Anticoagulation Program Manager, Clinical Pharmacy Specialist, Salem Veterans Affair Medical Center, Department of Pharmacy, Salem, Virginia.
Salem Veterans Affair Medical Center, Quality Management-Program Analyst.
Thromb Res. 2021 Apr;200:56-63. doi: 10.1016/j.thromres.2021.01.019. Epub 2021 Jan 27.
Oral anticoagulants (OAC) have shown to affect bone mineral density and cause osteoporosis. Limited studies have investigated the relationship between its use and risk of osteoporosis. We aim to compare the risk of osteoporosis in patients on warfarin versus direct oral anticoagulants (DOACs).

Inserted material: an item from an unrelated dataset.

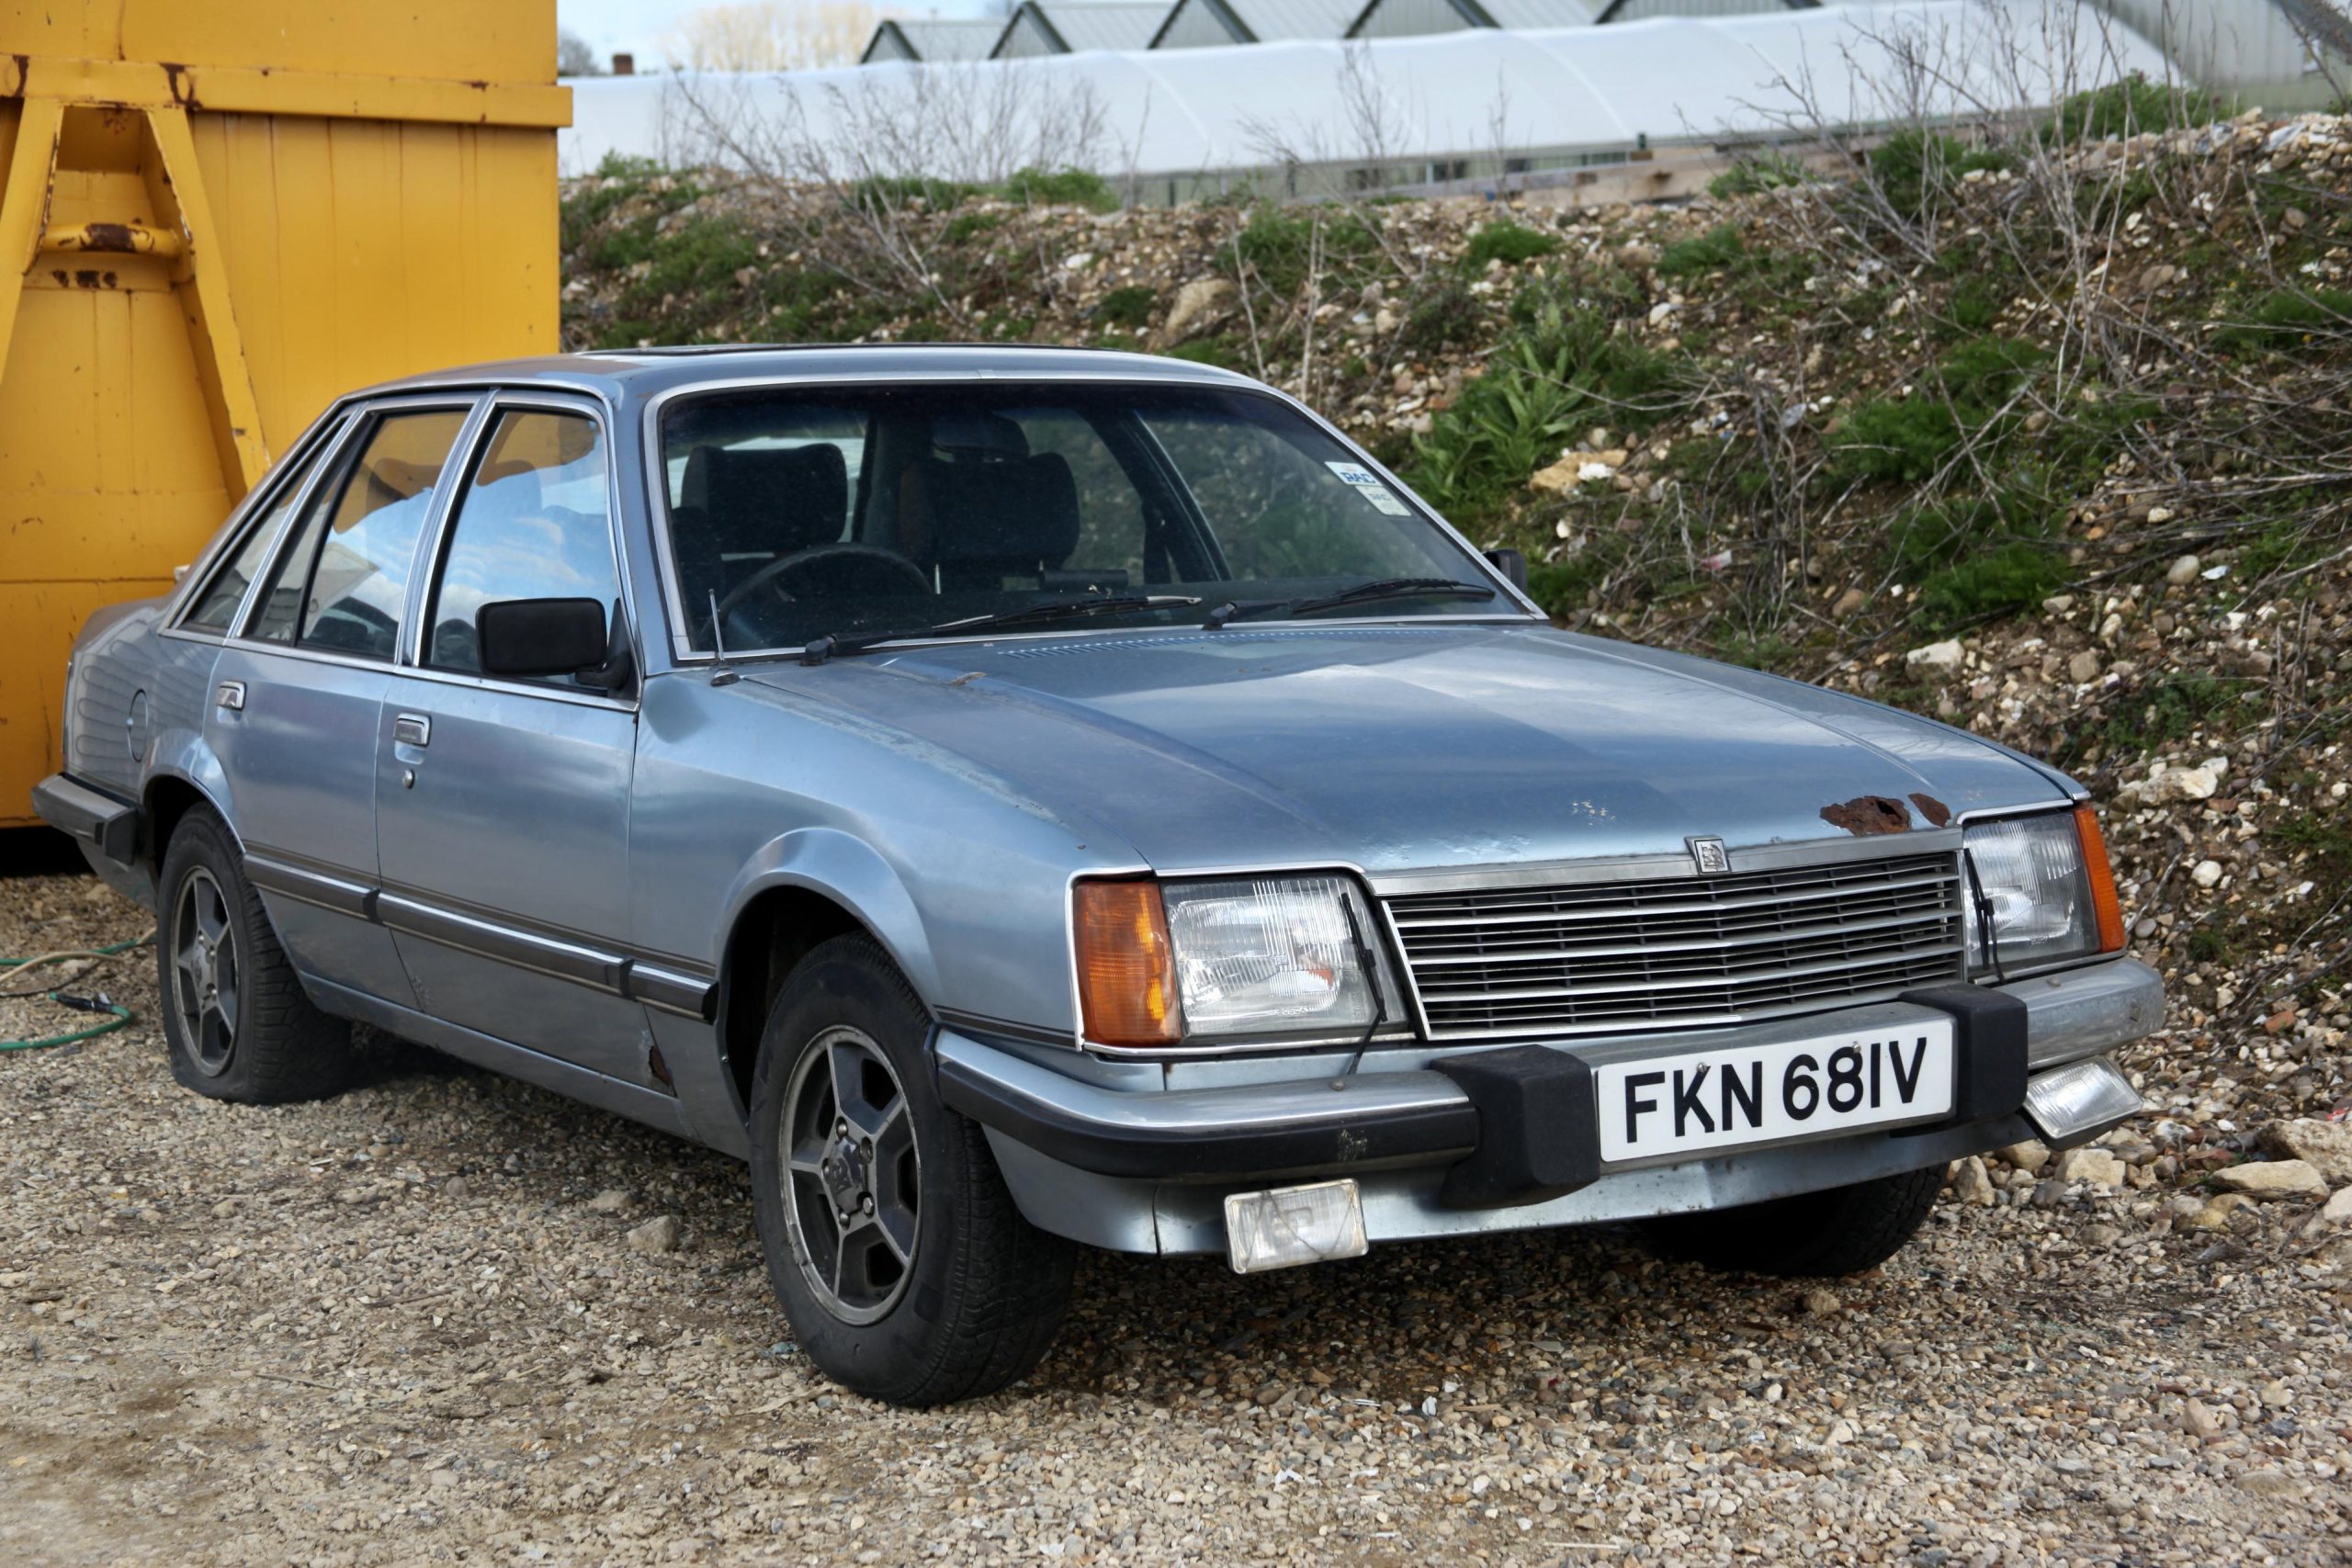 Lost Royale: The four-door saloon was Vauxhall's crowning glory

A retrospective single-center cohort study was conducted in veterans age > 18 years of age in whom warfarin or DOACs were newly initiated between January 1st, 2012 to April 1st, 2020 at Salem VA Medical Center. Patients on OAC for at least 90 days qualified for inclusion and excluded if they were pregnant or had history of mechanical valve and mitral stenosis, on edoxaban or had previous history of osteoporosis or use of antiosteoporosis medication. Primary outcome was comparing incidence of new-onset osteoporosis between warfarin and DOACs. Secondary outcomes included comparing incidence of all clinical fractures, hip fractures, major bleeding and intracranial bleed between the treatments. Cox proportional hazard ratios (HRs) and 95% confidence intervals (CI) comparing the two treatment groups were calculated.
A total of 1526 patients on DOAC and 1121 in warfarin group were included in the study. After propensity-score (PS) matching, 943 patients were included in each arm. Baseline characteristics were similar after PS-matching. DOAC treatment was associated with lower incidence of new-onset osteoporosis as compared to warfarin in matched cohort (aHR: 0.19, 95% CI: 0.10-0.36; p < 0.0001). The risk of all clinical fracture and hip fracture was similar in patients receiving DOACs as versus warfarin (aHR: 1.18, 95% CI: 0.82-1.69; p = 0.3671). DOAC use was associated with lower risk of major bleed (aHR: 0.07, 95% CI: 0.03-0.15; p < 0.0001) and intracranial bleed (aHR: 0.14, 95% CI: 0.03-0.64; p = 0.0111).
Overall, as compared to warfarin, prolonged use of DOACs is associated with lower risk of new-onset osteoporosis. We hope that our study findings will enlighten current clinical practices assuring safe use of OAC in veteran patients.
口服抗凝剂 (OAC) 已被证明会影响骨矿物质密度并导致骨质疏松症。有限的研究调查了其使用与骨质疏松症风险之间的关系。我们旨在比较华法林与直接口服抗凝剂 (DOAC) 患者的骨质疏松症风险。
这是一项在 2012 年 1 月 1 日至 2020 年 4 月 1 日期间在 Salem VA 医疗中心新开始使用华法林或 DOAC 的年龄 > 18 岁退伍军人中进行的回顾性单中心队列研究。至少使用 OAC90 天的患者符合纳入标准,如果患者怀孕或有机械瓣膜和二尖瓣狭窄病史、服用依度沙班或有既往骨质疏松症病史或使用抗骨质疏松症药物,则将其排除在外。主要结局是比较华法林和 DOAC 之间新发骨质疏松症的发生率。次要结局包括比较两种治疗方法的所有临床骨折、髋部骨折、大出血和颅内出血的发生率。计算比较两组治疗的 Cox 比例风险比 (HR) 和 95%置信区间 (CI)。
共有 1526 名患者接受 DOAC 治疗,1121 名患者接受华法林治疗。在进行倾向评分 (PS) 匹配后,每组纳入 943 名患者。PS 匹配后,基线特征相似。与华法林相比,DOAC 治疗与新发骨质疏松症的发生率较低相关(调整后的 HR:0.19,95%CI:0.10-0.36;p<0.0001)。接受 DOACs 治疗的患者的所有临床骨折和髋部骨折风险与接受华法林治疗的患者相似(调整后的 HR:1.18,95%CI:0.82-1.69;p=0.3671)。DOAC 治疗与大出血(调整后的 HR:0.07,95%CI:0.03-0.15;p<0.0001)和颅内出血(调整后的 HR:0.14,95%CI:0.03-0.64;p=0.0111)的风险降低相关。
总体而言,与华法林相比,长期使用 DOAC 与新发骨质疏松症的风险降低相关。我们希望我们的研究结果将为当前的临床实践提供启示,确保退伍军人患者安全使用 OAC。